======== Available data ========

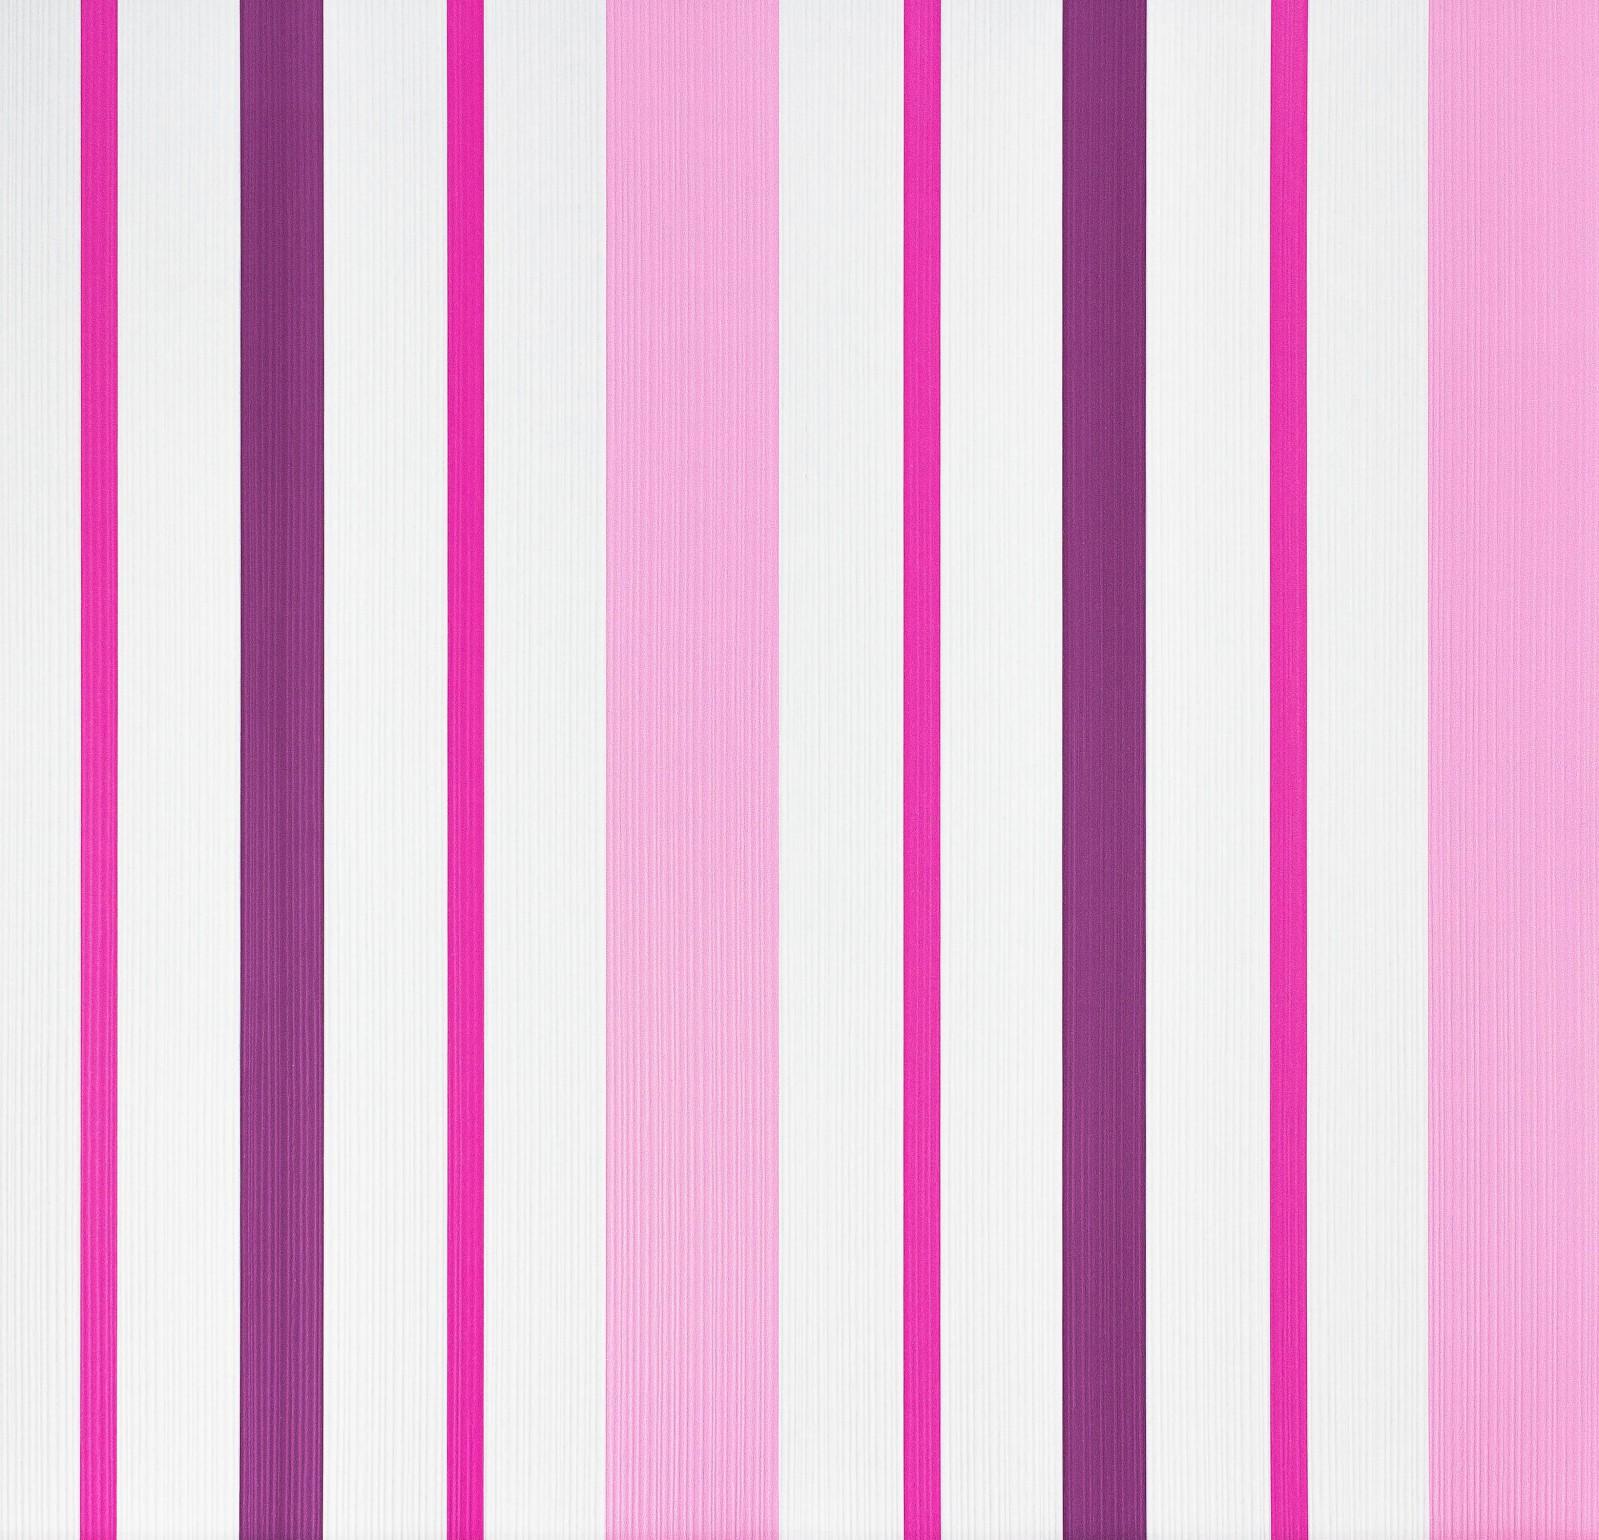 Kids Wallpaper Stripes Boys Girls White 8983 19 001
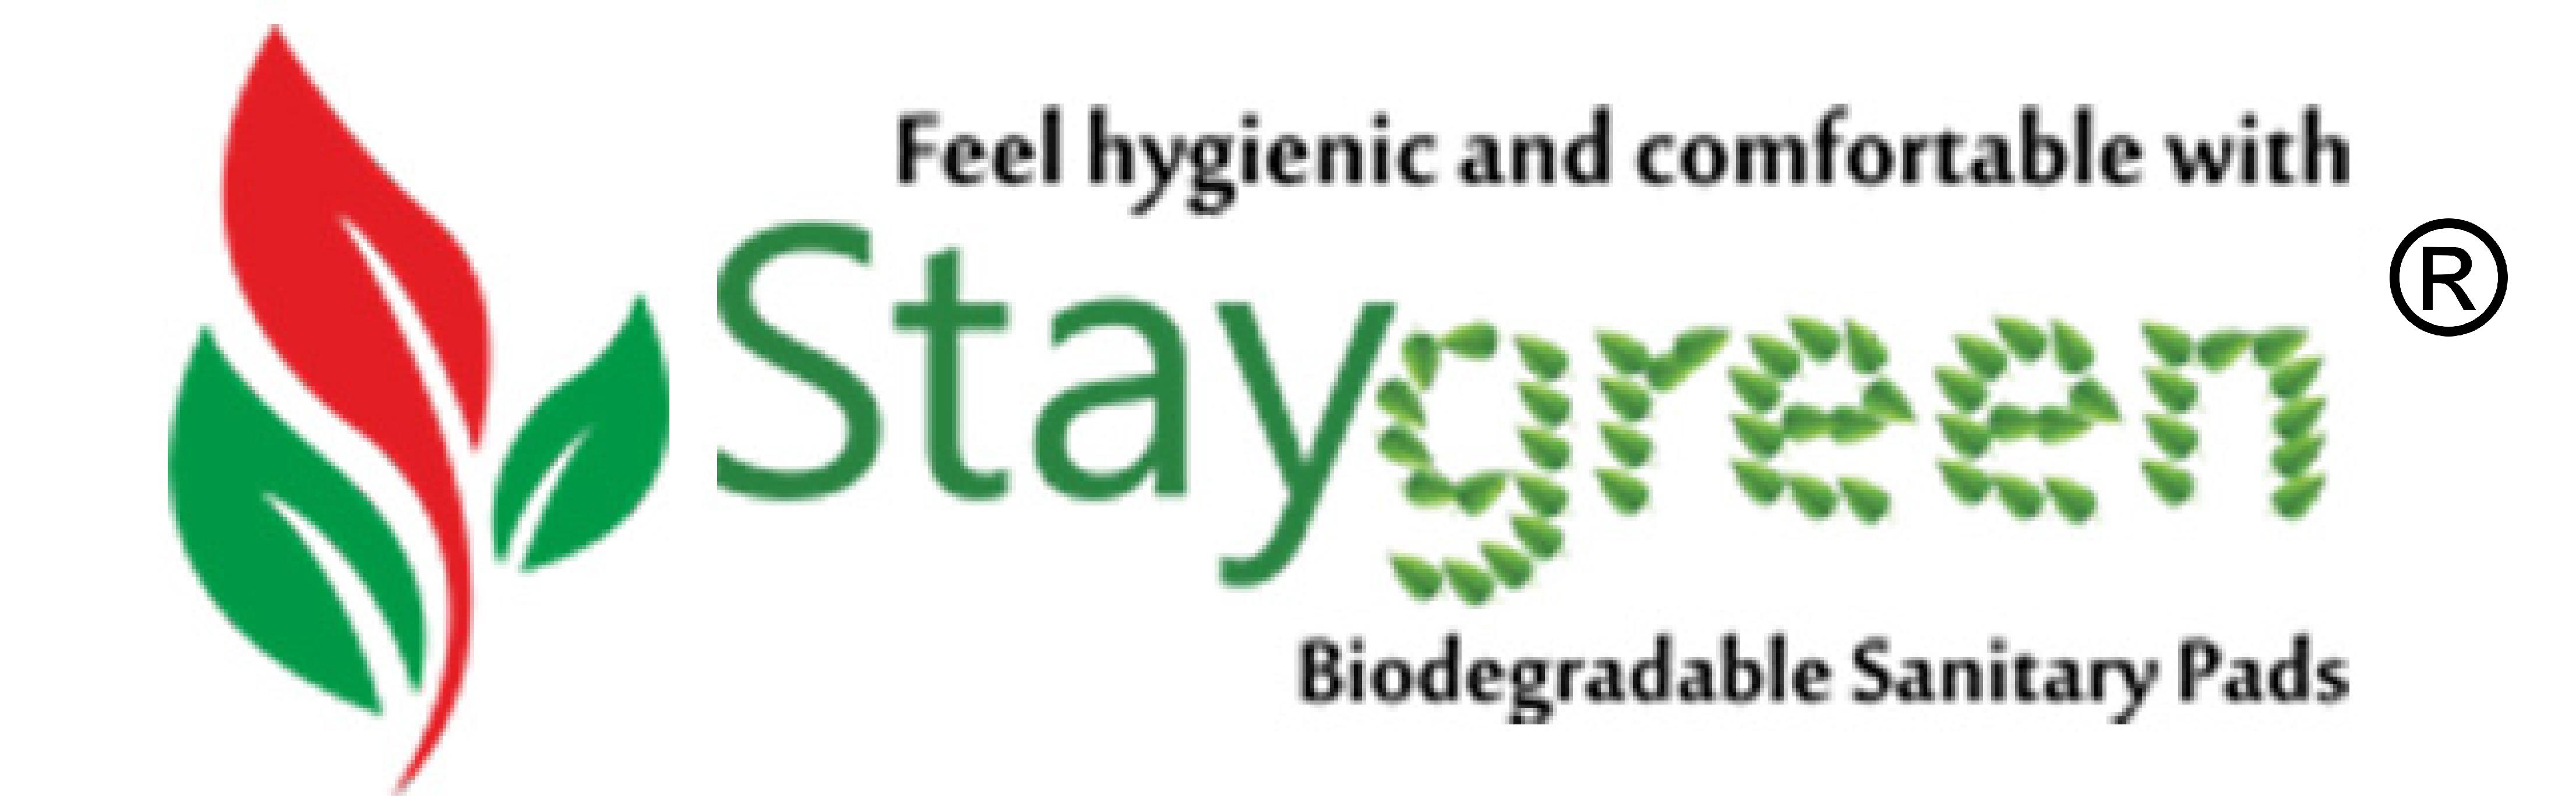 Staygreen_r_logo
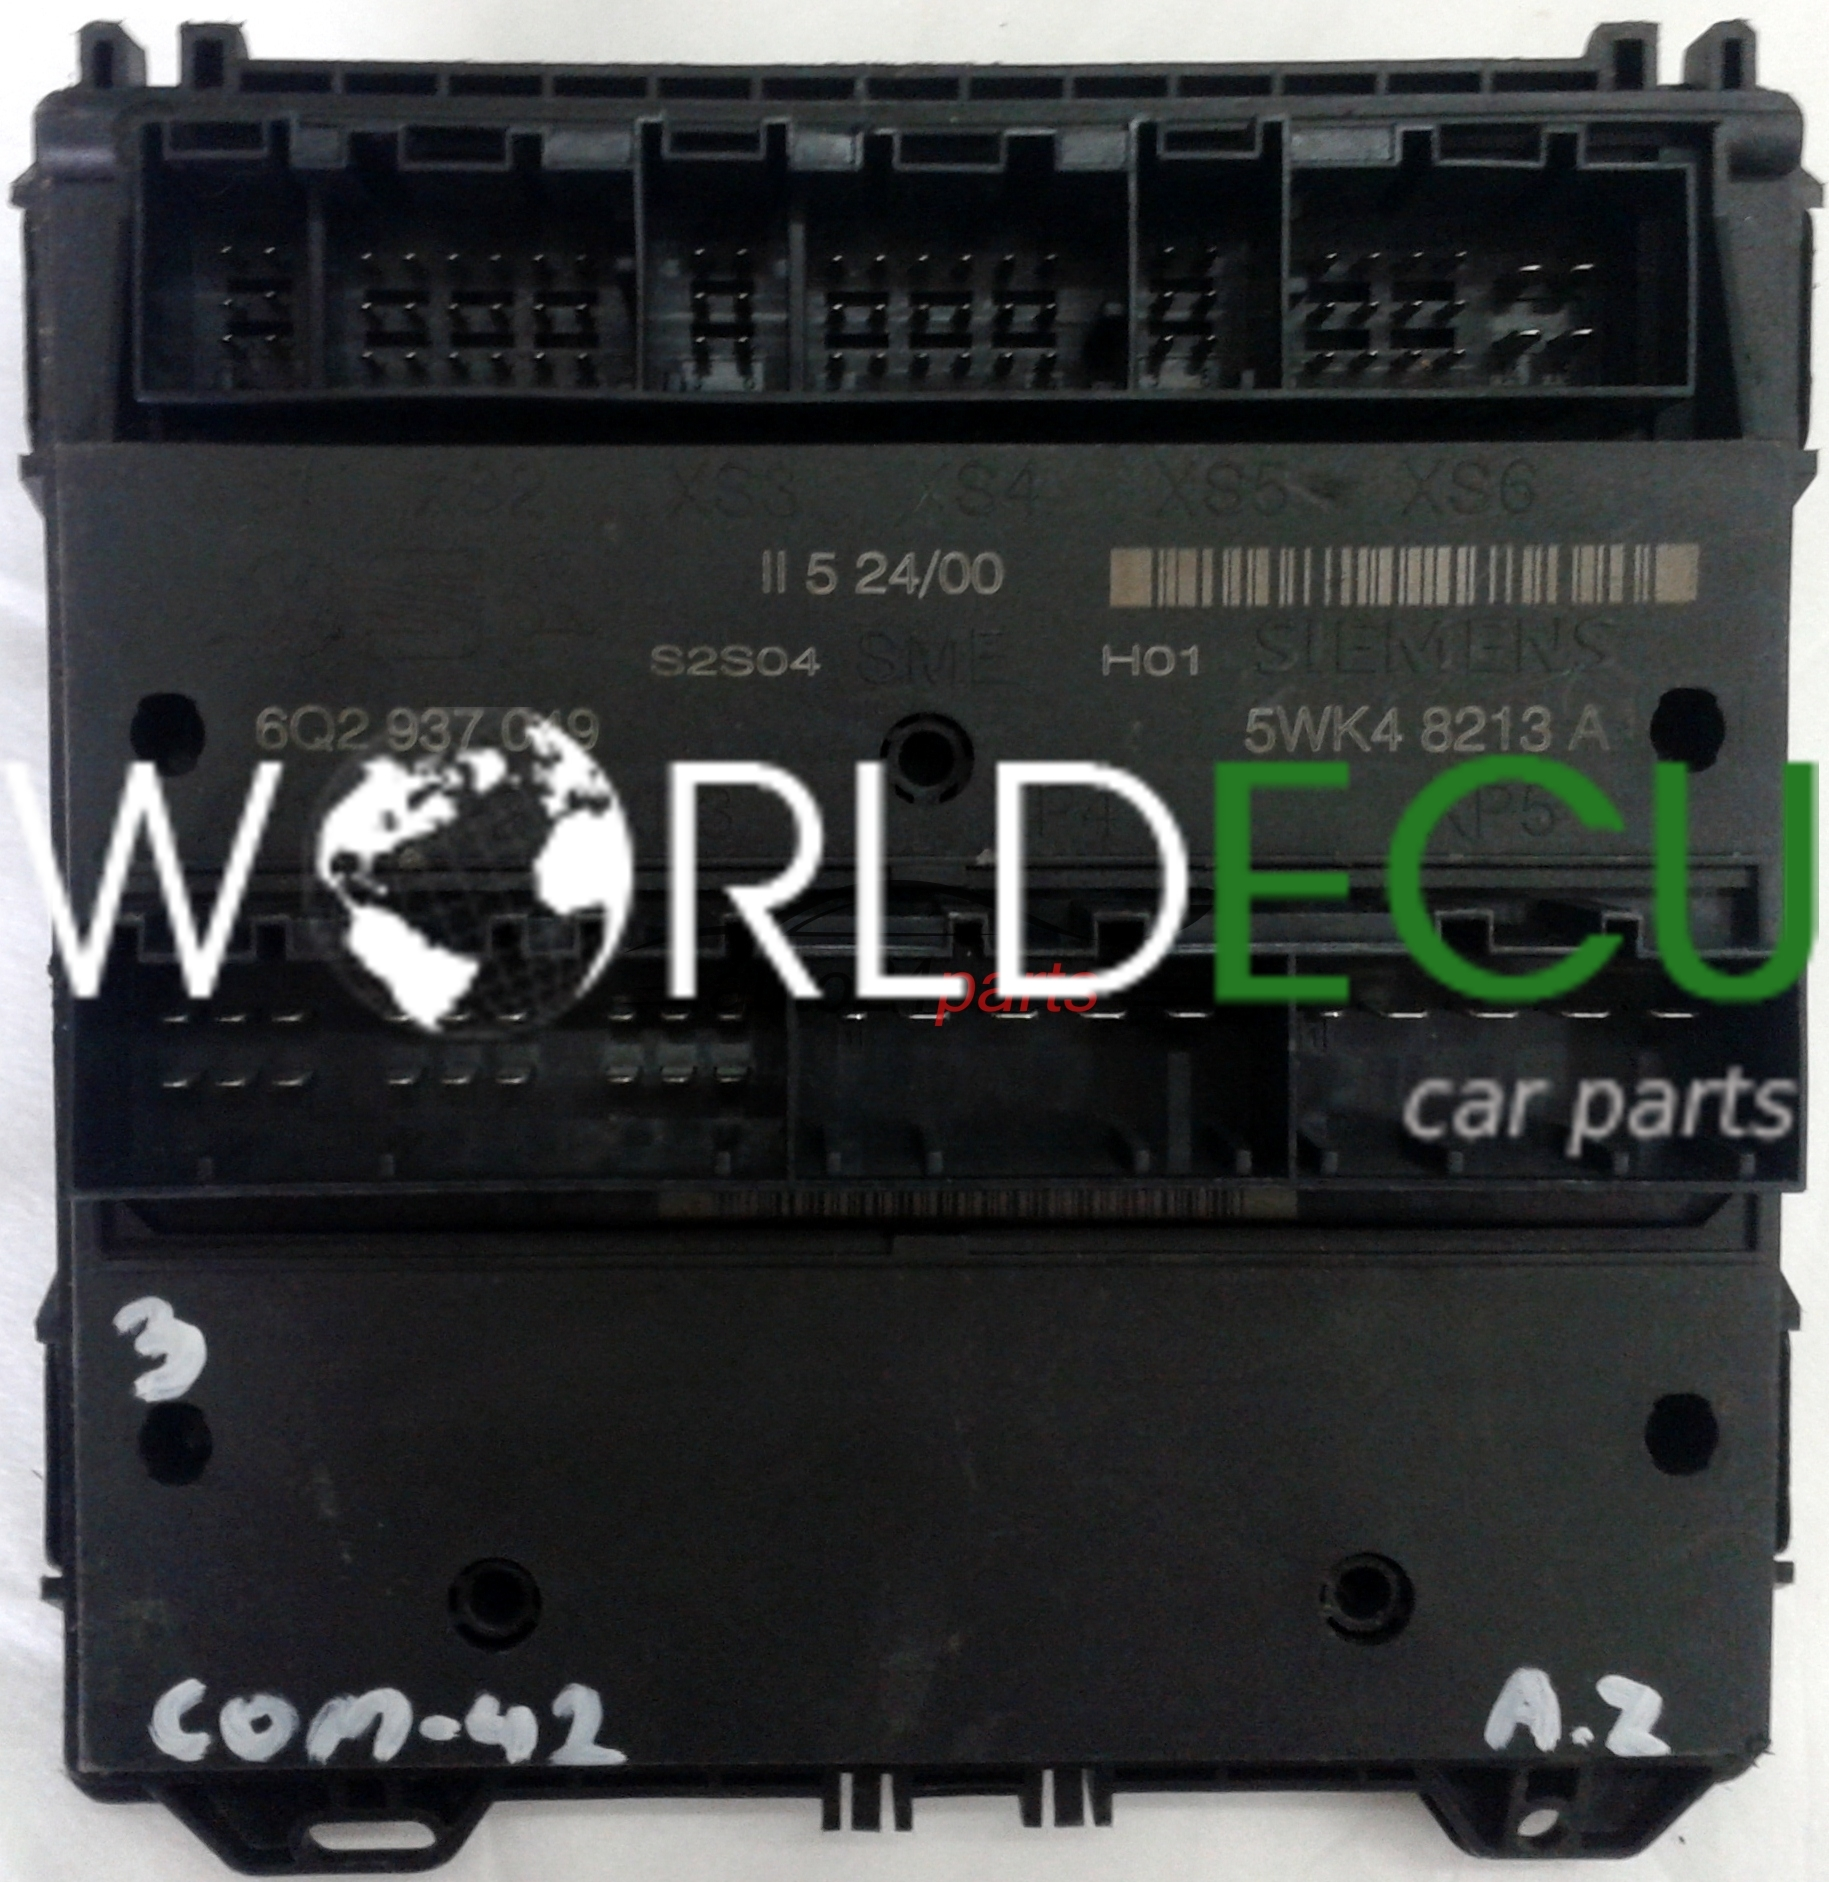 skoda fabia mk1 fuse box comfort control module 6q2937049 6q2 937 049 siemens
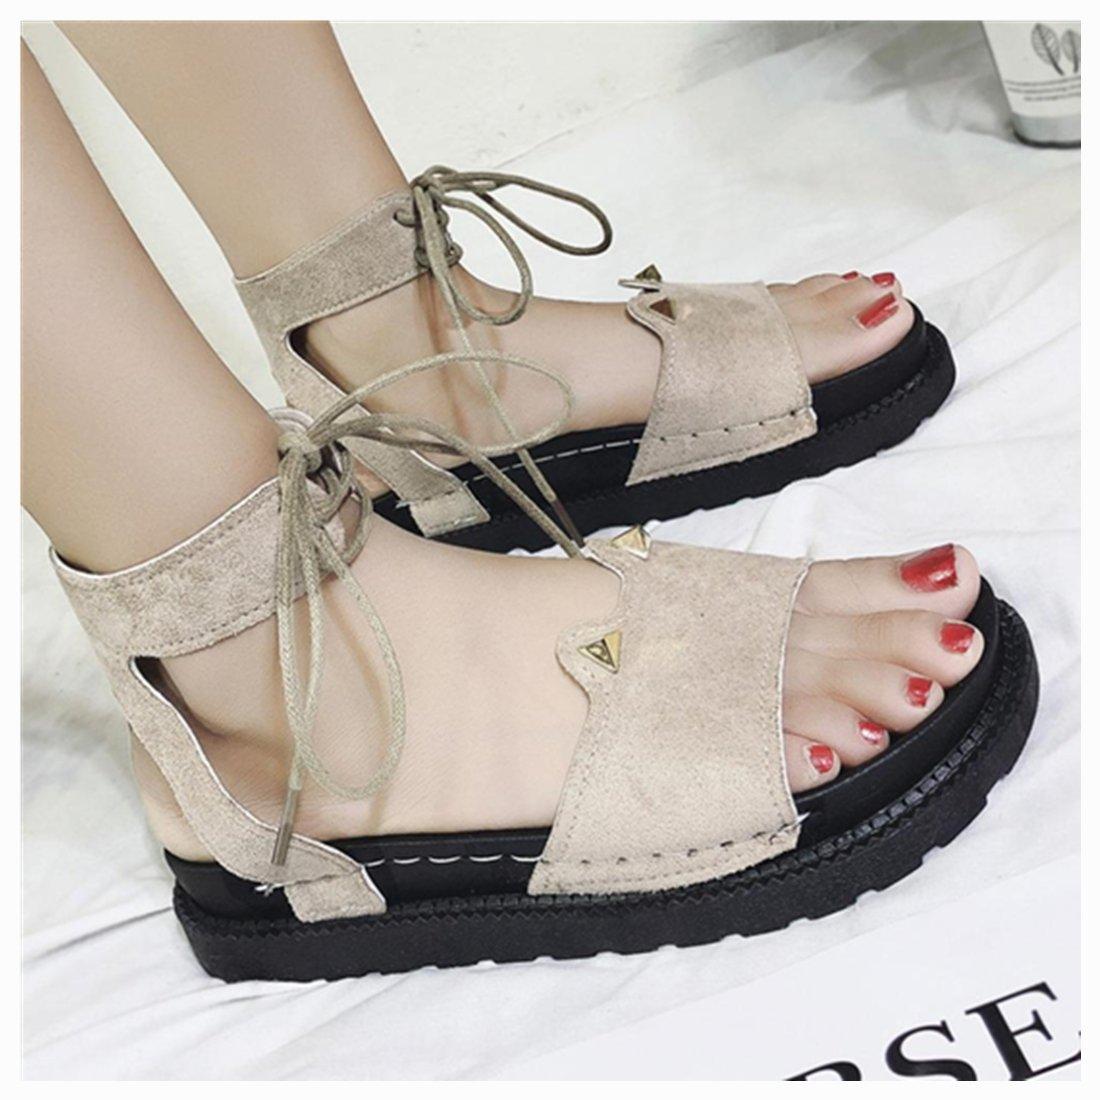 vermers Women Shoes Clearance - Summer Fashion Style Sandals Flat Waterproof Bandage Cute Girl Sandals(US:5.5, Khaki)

========

• The problem
Line for line, retype the material exactly, omitting any pictures.

• Written reply
 Kids Wallpaper Stripes Boys Girls White 8983 19 001
 Staygreen_r_logo
 skoda fabia mk1 fuse box comfort control module 6q2937049 6q2 937 049 siemens
 vermers Women Shoes Clearance - Summer Fashion Style Sandals Flat Waterproof Bandage Cute Girl Sandals(US:5.5, Khaki)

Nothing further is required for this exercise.